• _Extracted material_
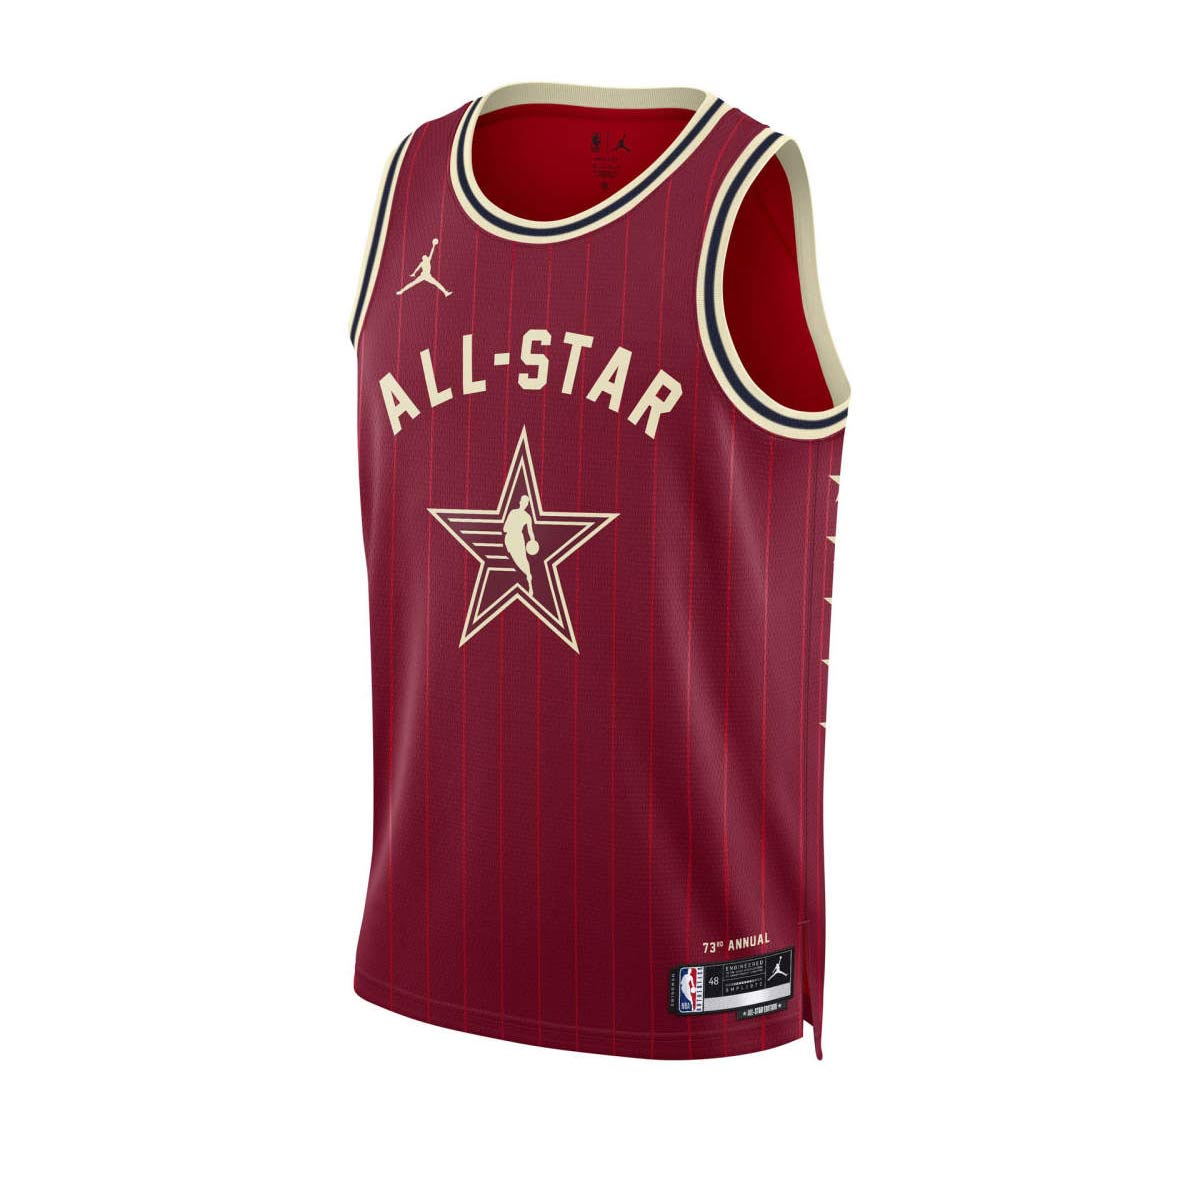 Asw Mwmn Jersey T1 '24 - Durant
---
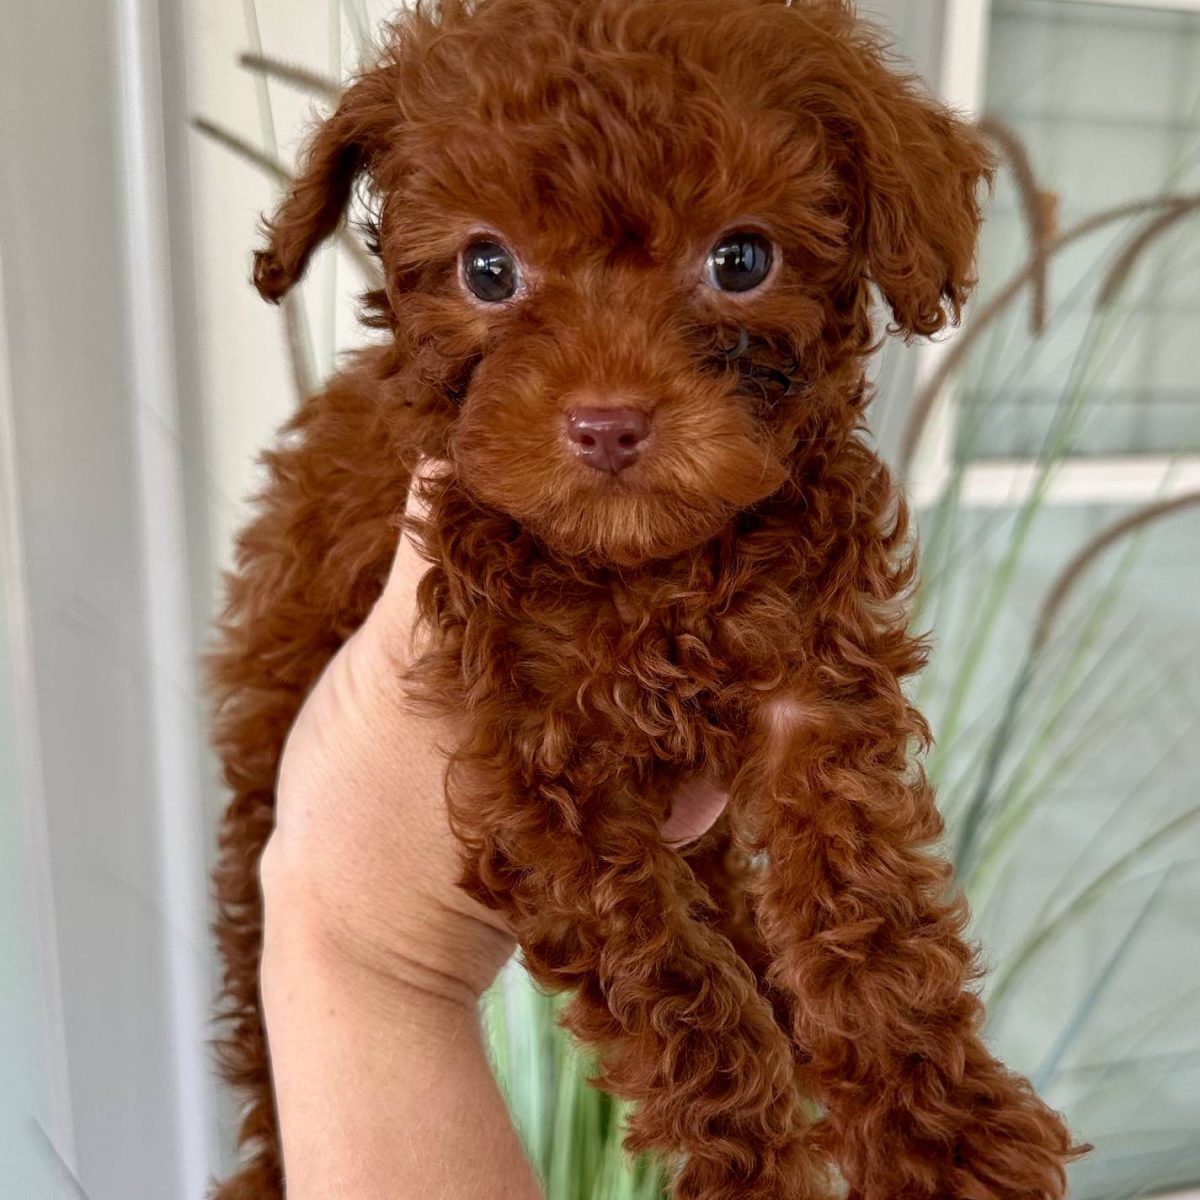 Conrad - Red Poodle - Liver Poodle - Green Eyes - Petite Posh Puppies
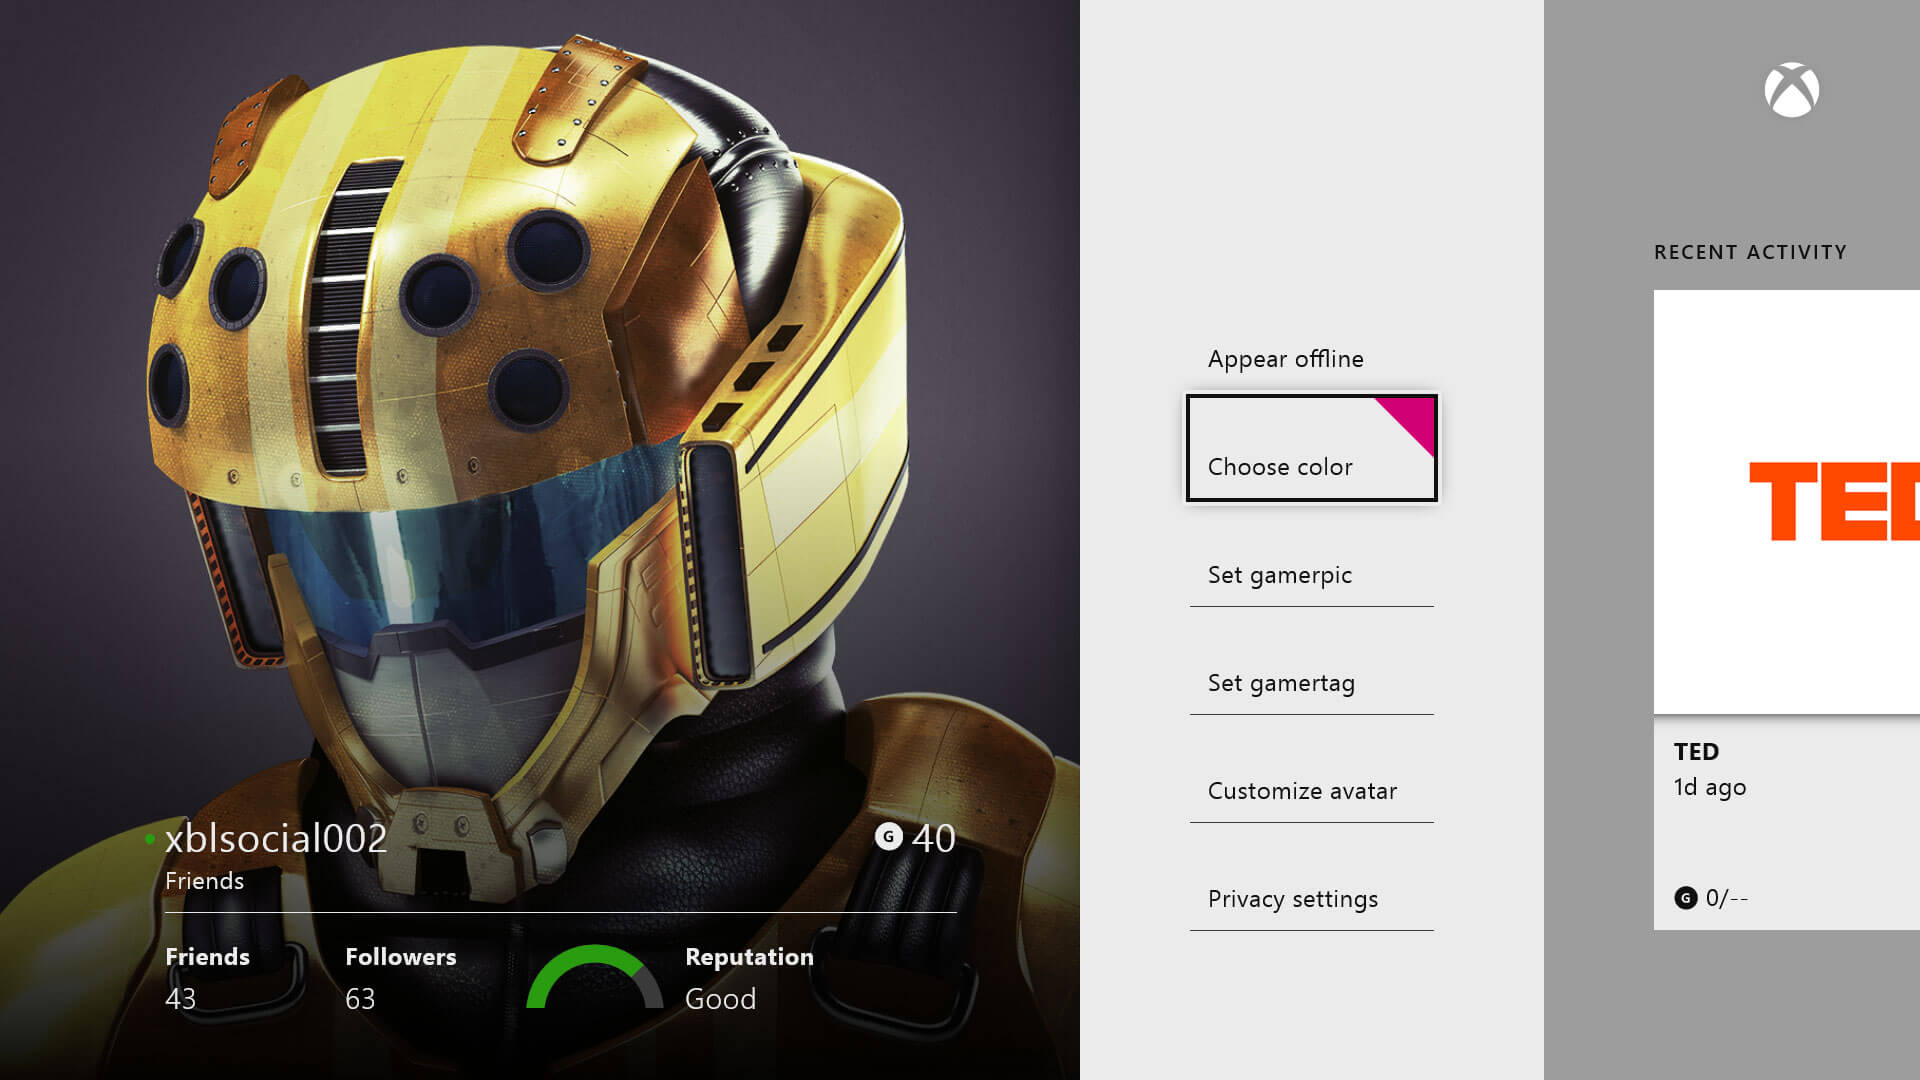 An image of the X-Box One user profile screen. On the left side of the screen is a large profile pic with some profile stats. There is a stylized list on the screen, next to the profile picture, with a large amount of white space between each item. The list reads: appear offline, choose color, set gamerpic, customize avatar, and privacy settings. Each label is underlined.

• _Exercise goal_
Above are records with pictures. Reproduce exactly only the lines from the line with "Conrad - Red" through the line with "An image of", both ends included, and leave the pictures out.

• _Answer area_
 Conrad - Red Poodle - Liver Poodle - Green Eyes - Petite Posh Puppies
 An image of the X-Box One user profile screen. On the left side of the screen is a large profile pic with some profile stats. There is a stylized list on the screen, next to the profile picture, with a large amount of white space between each item. The list reads: appear offline, choose color, set gamerpic, customize avatar, and privacy settings. Each label is underlined.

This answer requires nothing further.